Юный Цахилганов посмотрел внимательно из проёма кухни, перестав разливать вино в высокие бокалы, уже стоящие на подносе.
— Не понял, — пожал он плечами, задержав взгляд
на узких щиколотках,
на невнятных бёдрах,
на робком лице
и на обыкновенных, прозрачно-голубеньких глазах.
— Было бы что-то яркое, — пожал он плечами. — А это… Так, деревенский ситец… Даже — ситчик, я бы сказал.

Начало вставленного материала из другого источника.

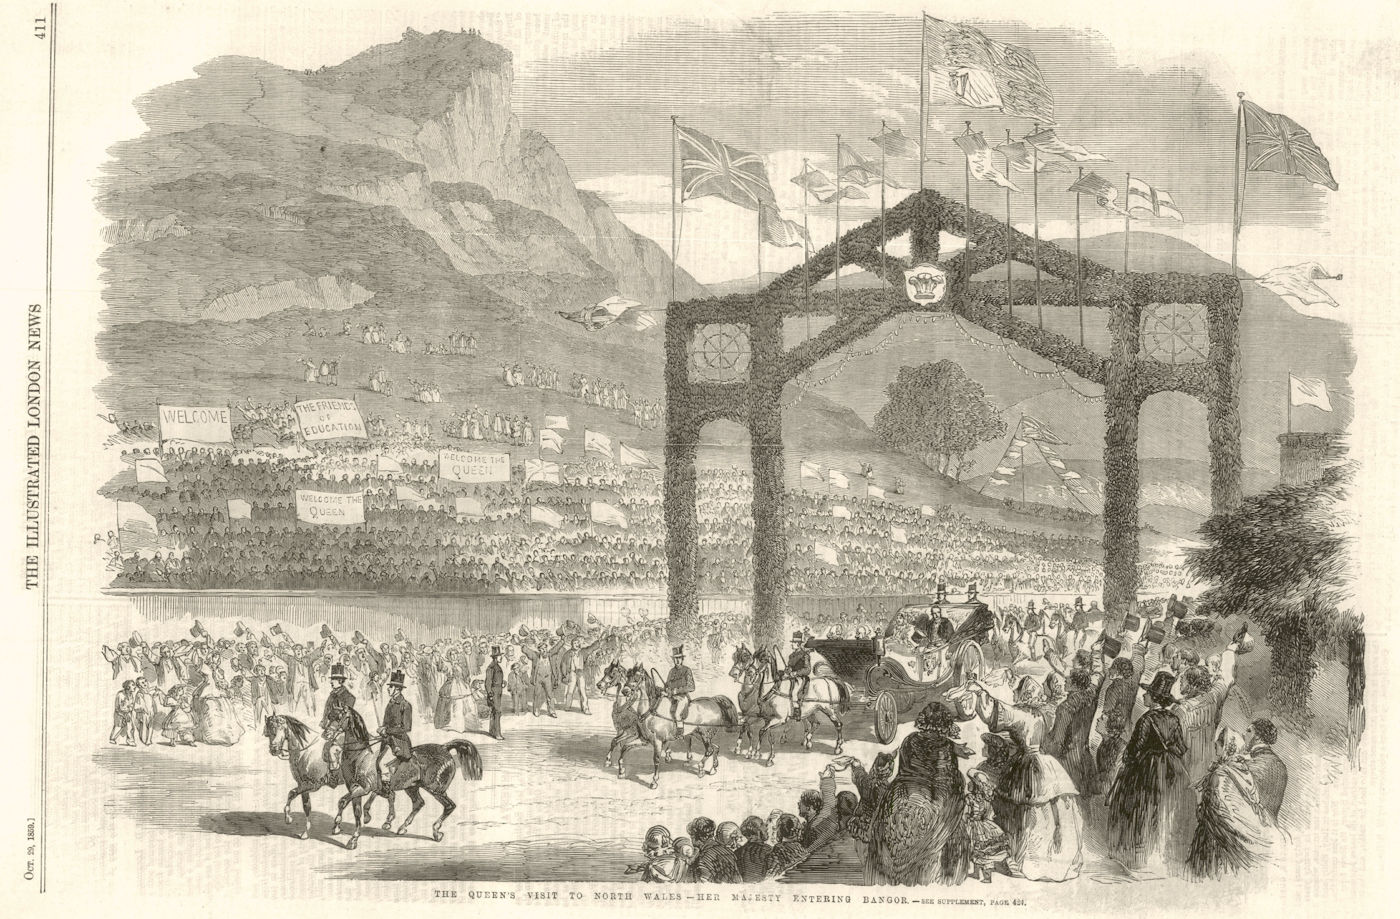 Associate Product Queen Victoria's Visit to North Wales - Her Majesty entering Bangor 1859 print

Однако оглянулся на Любу ещё раз:
— Простушка. Но… простушка с плюсом, конечно. А зельем сегодня распоряжаюсь я! Сам.
В порядке исключенья.
…Они сидели вшестером и слушали необработанный африканский рабочий джаз, шершавый и дикий, при свете одинокой парафиновой свечи,
и пламя вздрагивало и чадило. И алчно пламенел совсем рядом огромный косматый плед…
Унылое пенье чёрных невольников слетало с магнитофона. Старый джаз раскручивался, как спираль
и освобождал, освобождал, освобождал
от канонов классической музыкальной культуры,
освобождал от канонов…
И пламя чадило…
И дикие тени качались на стенах в полумраке…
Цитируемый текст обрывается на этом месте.